Tian disagreed, but he supposed it was true for a loose cultivator like Ma.

“By any chance, do you understand how the shamans use the spirits for spells?”

“Forgive me, this one is ignorant. My father never could do it, and he died of his wounds shortly before we reached the fortress. My mother never knew either. The shamans pass it on orally.”

Tian smiled humorlessly. “Master and disciple.”

“Exactly. Nobody wants too many of them running around, even if they are necessary. Their blood makes potent spirits too.”

“Makes?” Tian’s ears pricked up. Ma smiled, his eyes creasing with pain.

“It’s what you suspect, but very, very rare. You could think of such people as the Yuu version of heretics. Sometimes prisoners of war are used for such a purpose, but again, it’s rare. Other shamans hunt such people down, and we are very, very, very good hunters.”

Ma looked down into his empty bowl. “Our lives… the lives of the Yuu who live on the steppes seems hard, or cruel, perhaps, but I have always thought it was no less cruel than what the kingdom does. How many peasants die because their ‘benevolent’ overseers made a few trifling errors? Errors that coincidentally made them rich? We love our families, honor our elders, care for our children. We trust our women with considerably more power and wealth than the kingdom does. While our definition of harmony is different from the one I have learned here, we do pursue it. To disregard the needs of the tribe or the needs of nature to pursue your own wealth is considered shameful. I don’t believe it is so here. Not really. It just wears nicer clothes, and hides its meanings in flowery language.”
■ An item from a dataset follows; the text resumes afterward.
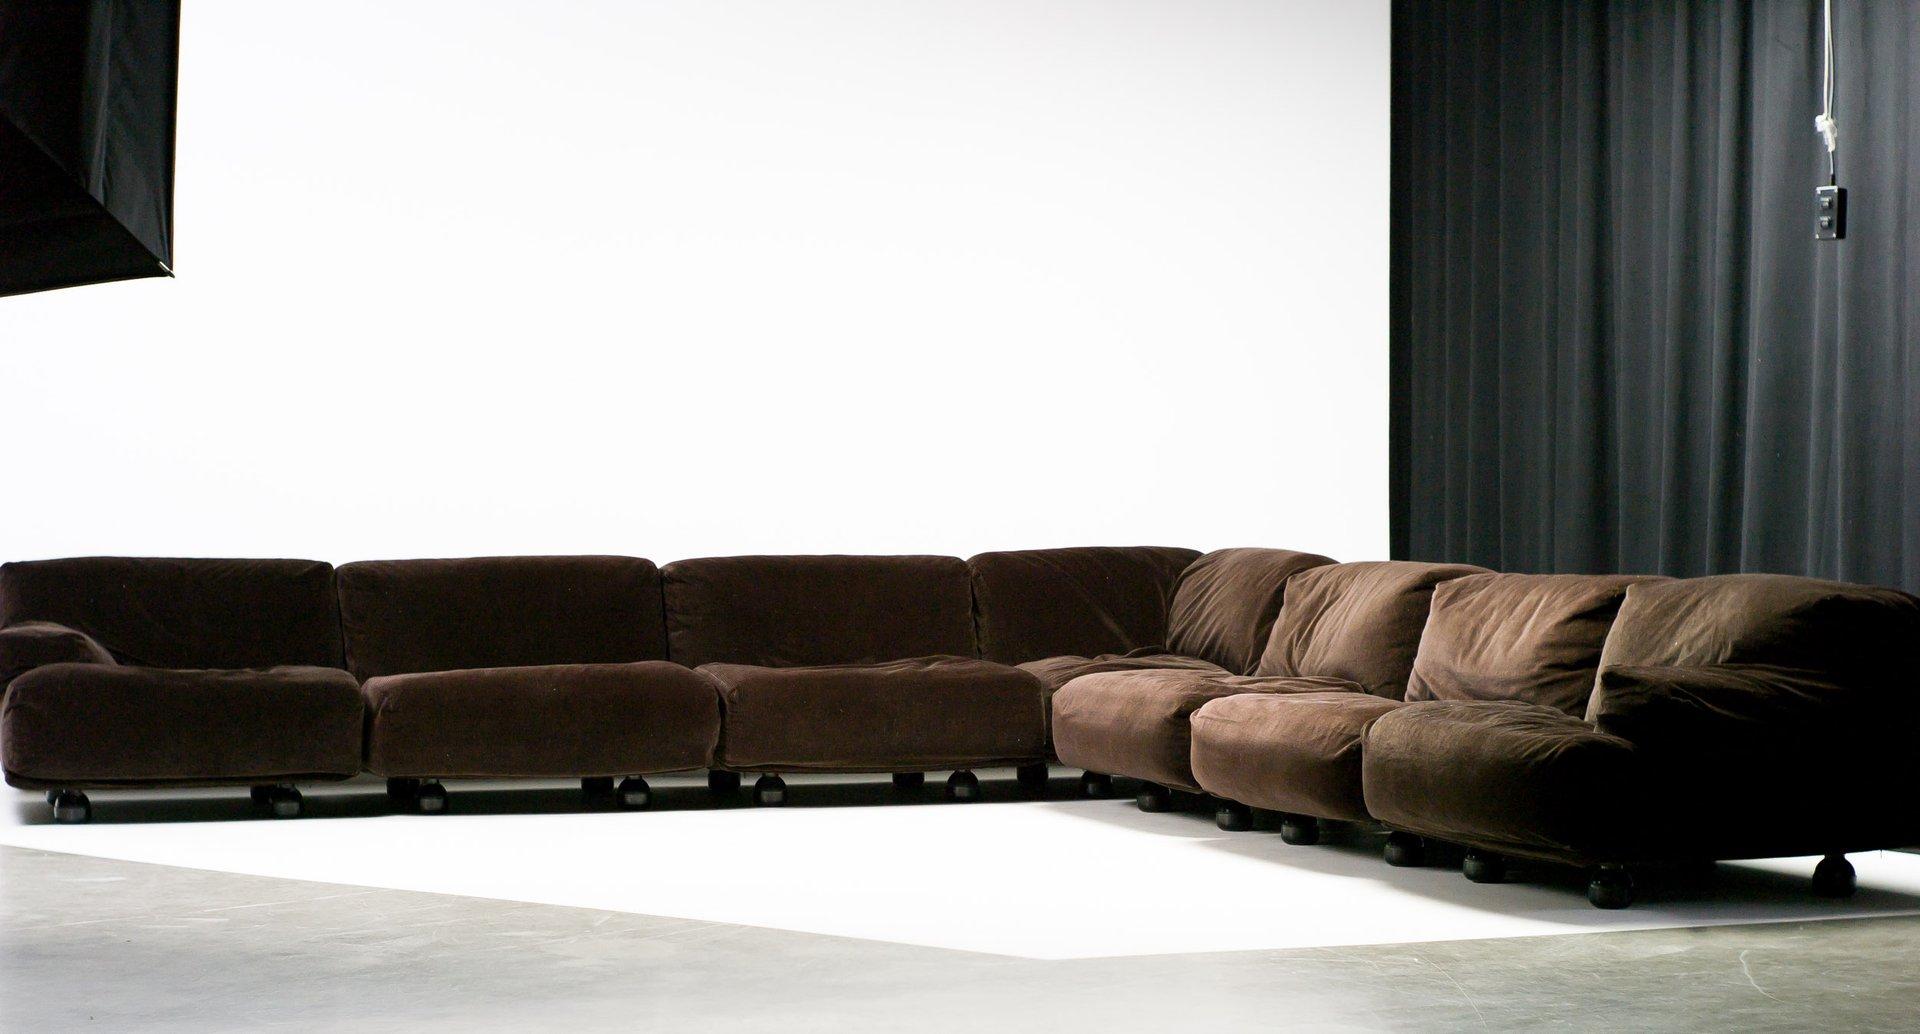 large modular fiandra sofa by vico magistretti for cassina. Black Bedroom Furniture Sets. Home Design Ideas
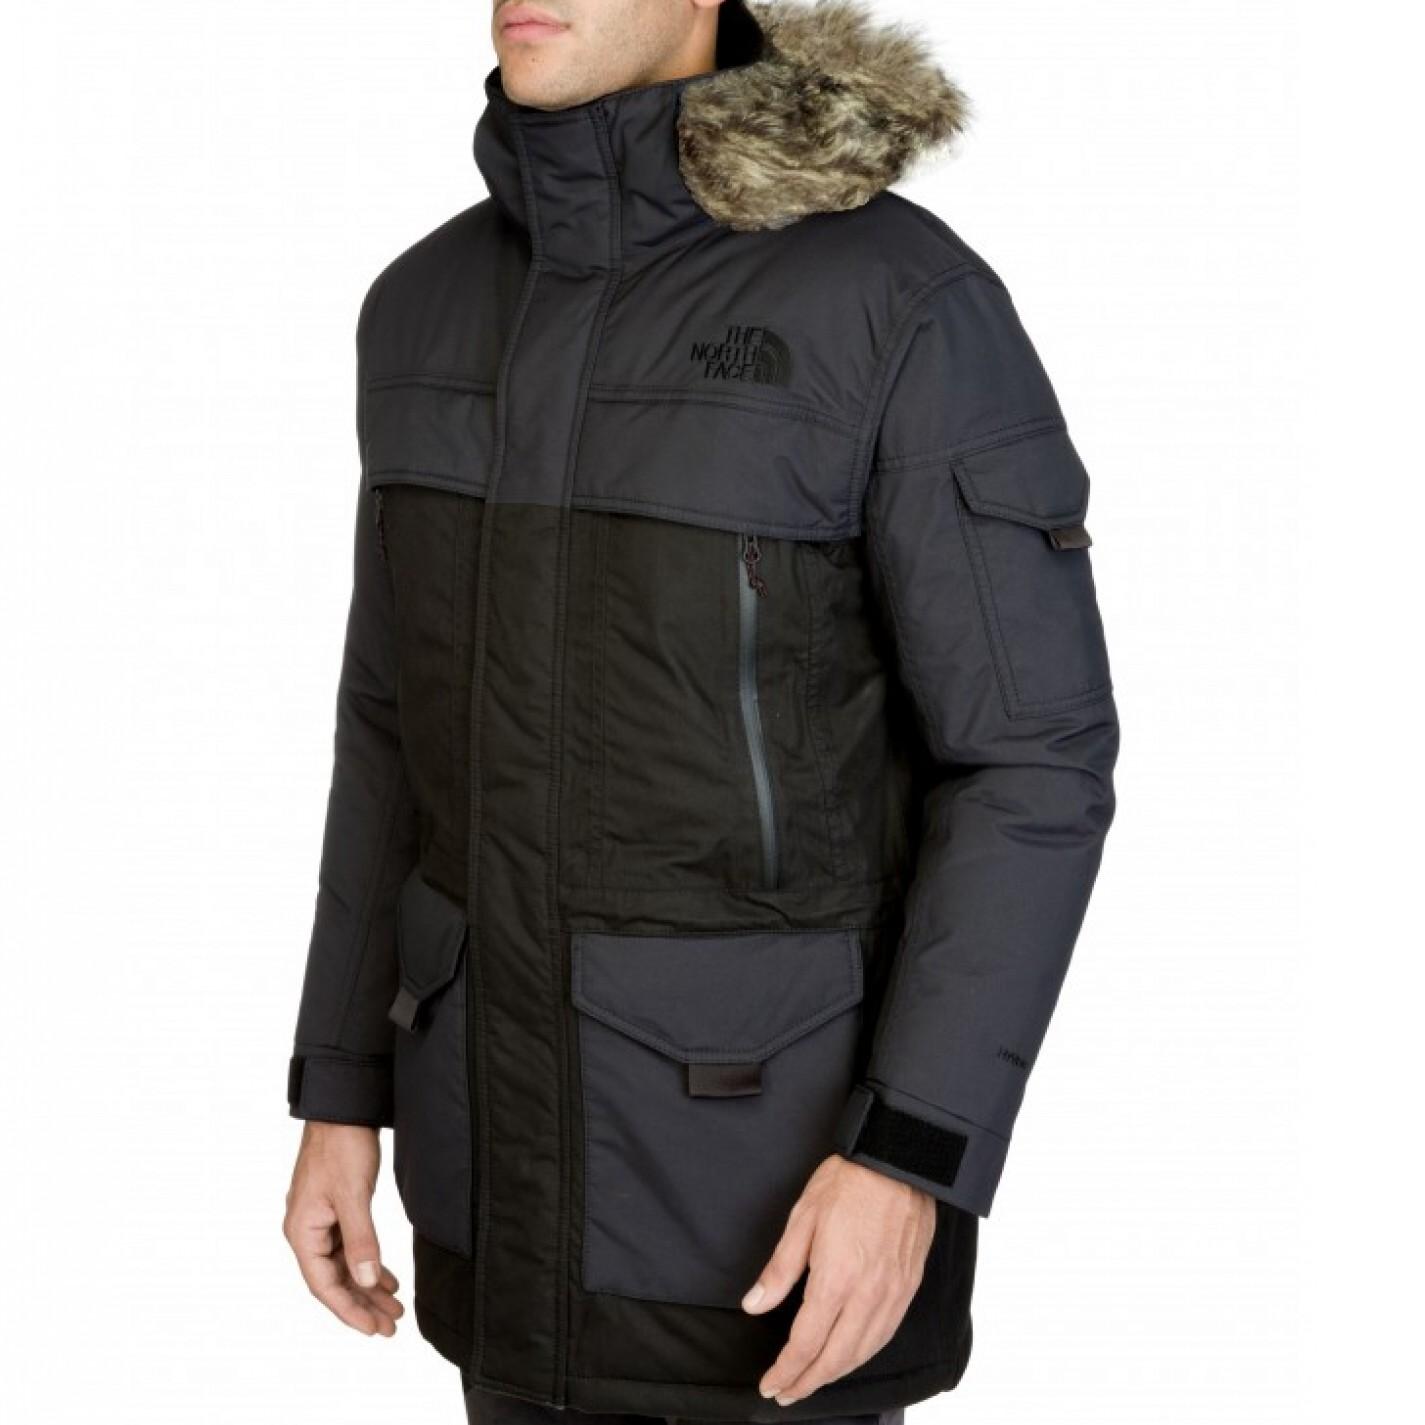 chaqueta invierno north face

Tian boiled a fresh kettle of water, and made the caravan tea. He poured the water against the back wall of the pot, making the little piece of the brick tumble. Fire qi, gently applied, kept the water hot, speeding the steeping process. As it did, Tian meditated on what the endless blue sky meant to him. He had certainly considered it often enough. The azure dragon of the east, roaming its infinity. But the blue was merely a disguise. The sky showed its true face at night. The endless void that cupped the spark of life.

He poured the smokey black tea into the bowls, then added the milk. He had pared himself to the moon often enough too- cooling and healing and letting all the things of the world rest. Gathering the strength they needed to go on. His lips creased a little as he drizzled the honey. He wouldn’t describe himself as sweet, but there was a kindness there, and he worked hard to be kind. His dao was there too, water and wood, honey feeding the growth of all those buzzing bees, which in turn brought life to fruit and flowers.

A bowl full of his dao. A tea carrying his emotions and his understanding of the elements. Speaking in a voice his guest could finally hear. Tian smiled broadly as he offered it to Daoist Ma. He had made the very best Caravan Tea he could, showing his hospitality, his respect for his guest, and his self respect. His service honored the teachings of his father, but was not limited by them. Soon, he would plunge into death and danger on the Steppes. Now, though, in this garden, the heart of the West Town Outer Court beat strong.